Me and SpongeBob find ourselves in a classroom at boating school.
Me: So…you never told me your last name…
SpongeBob: SquarePants. SpongeBob SquarePants.
Me: Also, why do they call you sponge?
SpongeBob: I think it's pretty obvious: it's because I'm a sea sponge.
Me: (snickers) A sea sponge? Come on. Be real now. A sponge is something you use to clean the sink, not a sea animal.
SpongeBob: Actually, sponges you use to clean sinks are modeled after sea sponges.
Me: Oh. Didn't know that…anyway, what exactly is boating school?
SpongeBob: It's a school where you learn how to drive boats!
Me: Oh! I've gone to a similar school, but you learn to drive cars instead of boats.
Suddenly, the teacher enters the room. This is Mrs. Puff.
Mrs. Puff: Okay class, my name is Mrs. Puff. The only reason I'm saying that is because we have a new student: Jonathan. Would you like to stand up and introduce yourself?
Reluctantly, I stand up, and look all around the room.
Me: Uh…uhhh…..uhhhhhhhh….
Mrs. Puff looks at me awkwardly.
Me: 24.
The entire class bursts out into laughter.
Mrs. Puff: (sighs) Anyway class, today we have our lesson on breaking.
While the teacher is rambling on with her lesson, SpongeBob talks to me.

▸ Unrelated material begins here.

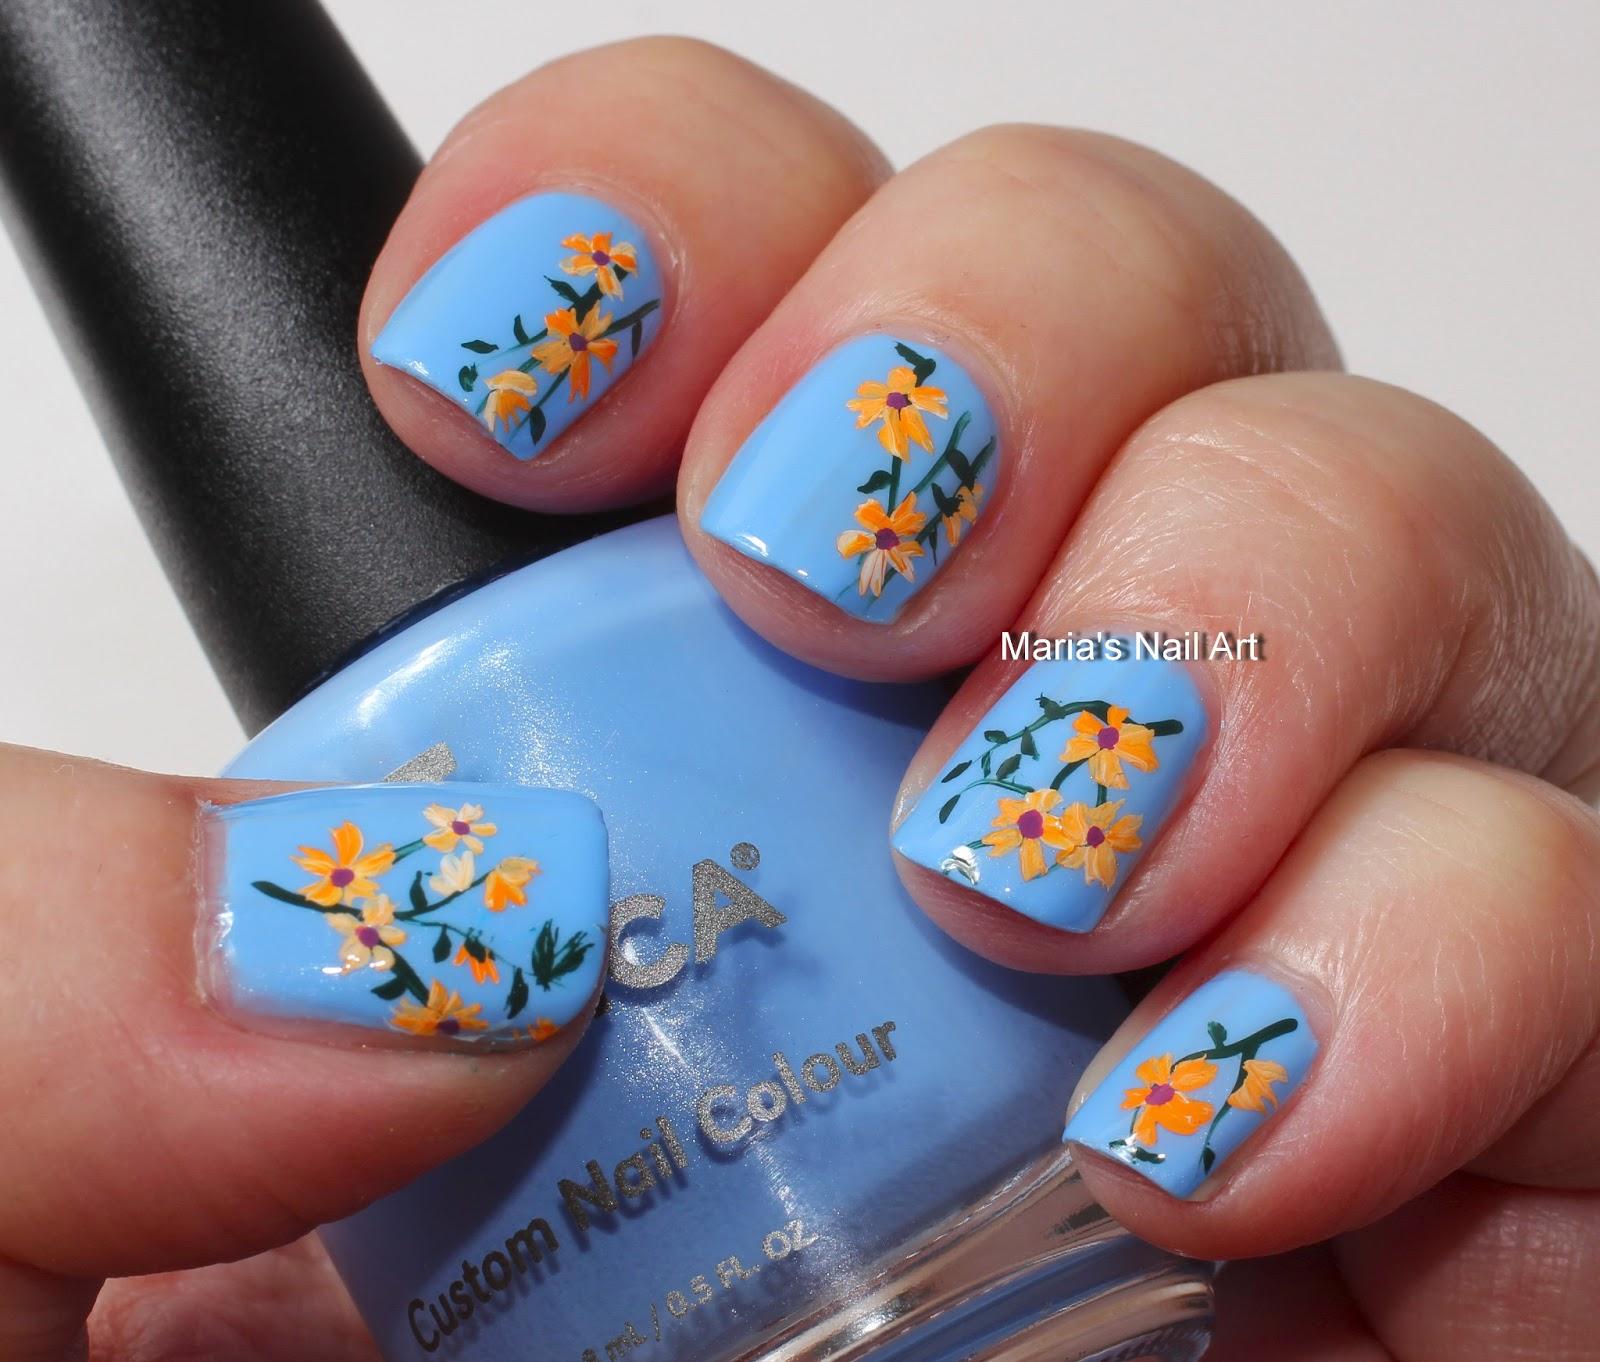 Nailzini A Nail Art Blog: Marias Nail Art And Polish Blog: Orange Flowers For Sophia

SpongeBob: Hey Jonathan, I thought of something funnier than 24…
Me: Let's hear it!
SpongeBob: 25.
We then proceed to laugh our asses off, but the teacher looks at us angrily.
Mrs. Puff: You two, shut up! I'm trying to get on with the lesson.
Me: Sorry.
Mrs. Puff nods, and gets back to the lesson.
Mrs. Puff: Now class, the break is the pedal you use to make your boat stop. You use it when you come to a red light, a stop sign, and other instances like that. Now that we've covered our final lesson, we can finally move onto our official boating test. Up first is SpongeBob…for the 17th time.
SpongeBob: Yes! I get to take my boating test again! Wanna come with me, Jonathan?
Me: Hell yeah!
Me, SpongeBob, and Mrs. Puff are inside of a boat.
Mrs. Puff: Now, SpongeBob, what is the first thing you do when you get into a boat?
SpongeBob: Uh, you, uh…floor it!
Me: No! You put your seatbelt on, check your mirrors, check the windows, and then you start driving.
Mrs. Puff: That is correct, Jonathan! I think you'll be the next to take your boating test!
SpongeBob puts his seatbelt on, and checks his mirrors.
Mrs. Puff: Good job. Now, I want you to park in between those cones over there. (she points)
SpongeBob: Sure thing!
SpongeBob puts the car into drive, and accelerates. He absolutely knocks down each and every cone.
Mrs. Puff: Oh my god! You hit every single cone!
Me: That's quite possibly the worst "parking" I've ever seen…
SpongeBob: Yeah, well, it's only the first test. What's next?
Mrs. Puff: Your next test is to turn right without hitting any of those cones.
SpongeBob: Okay!
SpongeBob turns right, and hits every single one of the cones…again.
Me: Are you seriously that incapable of NOT hitting cones?
Mrs. Puff: I seriously think you hold a vendetta against cones for some reason.
SpongeBob: Next part of the test?
Mrs. Puff: Stopping at a stop sign.
SpongeBob: That should be easy!
SpongeBob completely blows through the stop sign, taking it down with his boat.
Me: Dude, you need to learn to fucking drive. Do you even understand the words of your instructor?
Mrs. Puff: (sighs) Next part of the test…
Montage: SpongeBob hitting other cars, running over stop lights, and driving his car over a cliff.
Me: I have never seen such a horrible driver in all my life…
Mrs. Puff: (sighs) Welp…you failed for the 1,258,057th time. I'll see you next year.
Me and SpongeBob hang out at his pineapple house.
Me: Dude, you absolutely sold at driving today.
SpongeBob: Well, I've never been good at driving, I think I'm just naturally bad.
Me: "Bad" is an understatement…that driving was absolutely SHIT!